2 children dead in attack on Chinese convoy in Gwadar

Three others, including Chinese national, injured


The police soon cordoned off the area PHOTO: REUTERS

QUETTA/ISLAMABAD:

Two children were killed while three others, including a Chinese national, injured in a suicide attack targeting a vehicle carrying Chinese nationals near the East Bay Expressway in Gwadar, Balochistan on Friday.

Just a month after the attack on the Chinese nationals at the Dasu dam site in Khyber-Pakhtunkhwa, which left at least 13 people, including nine Chinese nationals and four Pakistanis dead as well as around two dozen others injured, the terrorists have attacked the Chinese nationals in restive Balochistan.

“Today in the evening, in a cowardly attack, a convoy of Chinese nationals comprising four Chinese vehicles with integral security details of Pakistan Army and police contingent was targeted on East Bay Expressway in Gwadar,” a statement of the interior ministry stated.

The interior ministry spokesperson said the targeting took place along the coastal road near Fishermen Colony. “A young boy ran out of the colony to target the Chinese vehicles.”

Fortunately, the spokesperson stated, soldiers of Pakistan Army in plain clothes employed as security rushed to intercept the boy, who immediately “blew himself up” about 15 to 20 metres from the convoy. Resultantly, he revealed, a Chinese national got injured, adding that he is in stable condition and was rushed to the nearest hospital in Gwadar.

“Unfortunately, two innocent children playing nearby lost their precious lives while another two children received critical injuries in the heinous act,” the statement read, adding that they were taken to the hospital.

The political experts said that the second attack on Chinese national in just over a month’s time has set the alarm bells ringing, adding that the attack is thought to be an attempt to sabotage the economic cooperation under the multibillion-dollar China-Pakistan Economic Corridor (CPEC) project.

Also read: Security forces, CTD kill five BLA militants in joint operation

“Both Pakistan and China recognise the threats posed to their cooperation and collaboration towards growth and development of their communities under the evolving regional environment,” the interior ministry said in an apparent reference to CPEC.

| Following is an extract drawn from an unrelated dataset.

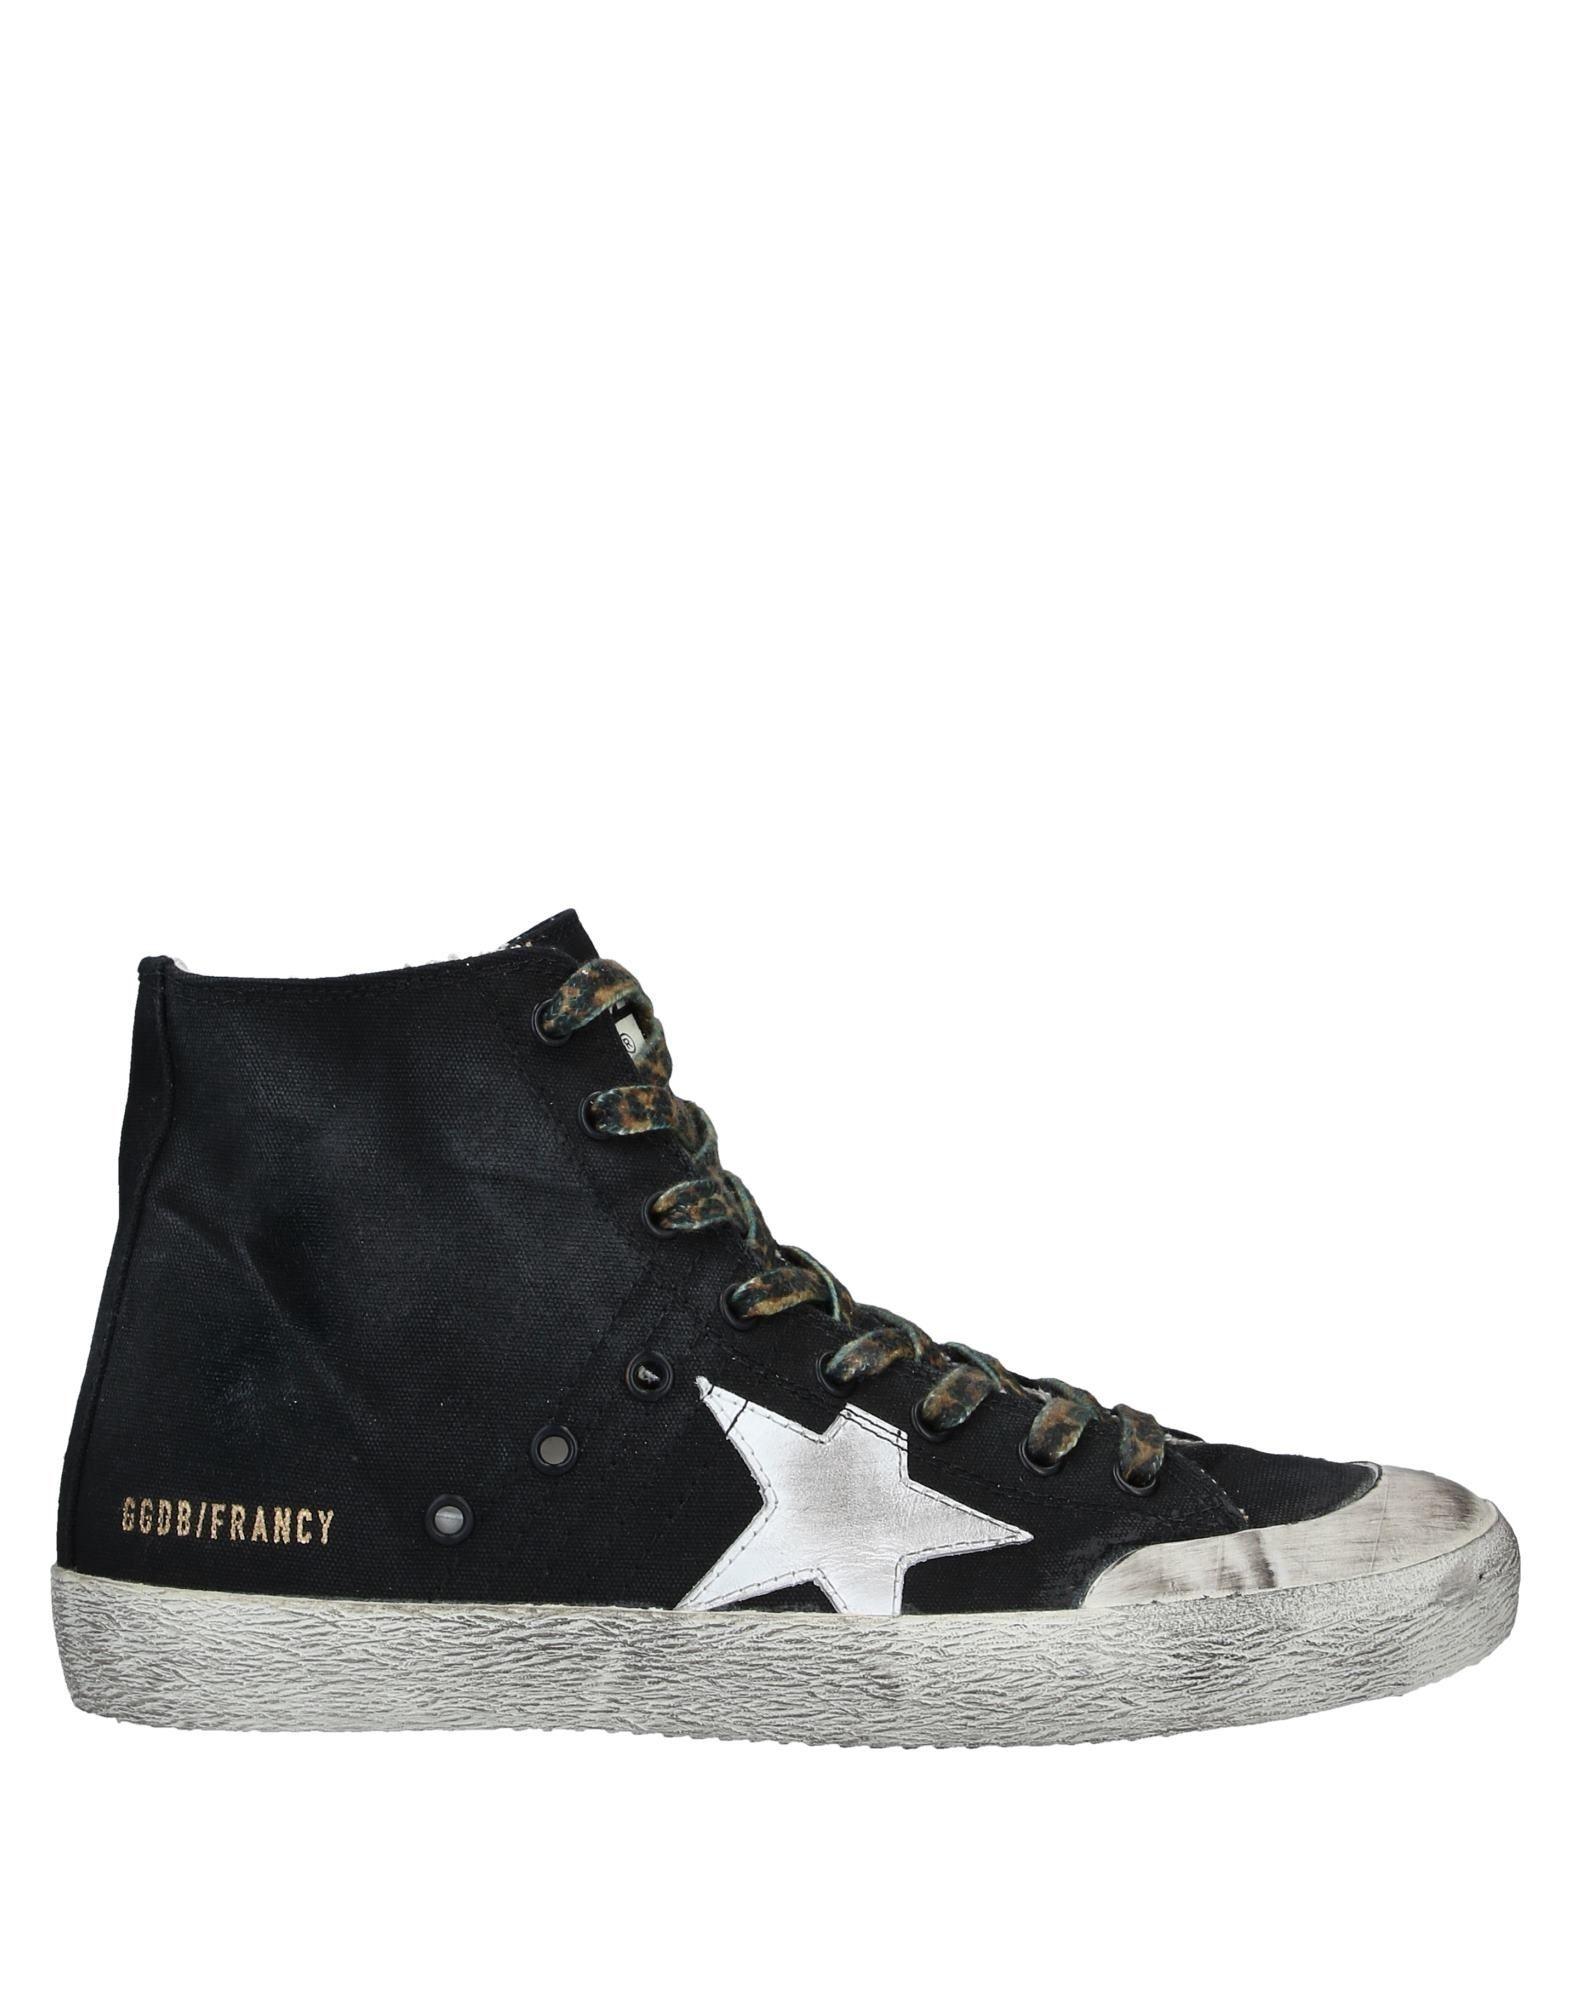 Golden Goose Deluxe Brand Sneakers Women Golden Goose Deluxe Brand Sneakers Online On Yoox United States 1173079 Sneaker Lederschuhe Damen Turnschuhe Damen

Since July 14, when a shuttle bus ferrying Chinese and Pakistani workers plunged into a deep ravine after an explosion on board near an under-construction tunnel site of the Dasu Hydropower Project in the remote Kohistan district of Khyber-Pakhtunkhwa province, the government vowed to beef up the security of the Chinese national.

After Friday’s attack in Gwadar, the ministry said that it is cognisant of hostile designs and is “already undertaking a comprehensive review of security of Chinese brothers and committed to ensuring their safe stay in Pakistan in this journey of progress”.

“We reaffirm our Chinese brothers of our wholehearted endeavours to deal with these threats comprehensively,” the ministry said. “In this hour of distress, we are saddened by injury to our Chinese brother and loss of [lives of our] innocent Pakistani children. Both countries stand together firmly in defeating the inimical acts aiming to undermine our cooperation and friendship.”

After the Dasu attack, Foreign Minister Shah Mahmood Qureshi had said that Indian spy agency Research and Analysis Wing (RAW) and Afghanistan's National Directorate of Security (NDS) were behind the Dasu bus tragedy.

The minister while addressing a news conference in Islamabad had revealed that Afghanistan’s soil was used in the attack and the investigators were “clearly looking at the traces of its planning and execution by the nexus of NDS and RAW”.

“What do they want? Why the nexus had carried it [attack] out? We think there are elements that cannot digest Chinese investment in Pakistan as well as the growing economic cooperation,” he had added.

Initially after the attack, the China Gezhouba Group Corporation (CGGC) had announced that it would discontinue work on the Dasu project and ended the employment contract with the Pakistani staffers. Later, the Chinese firm, however, had announced that it would continue working on the project.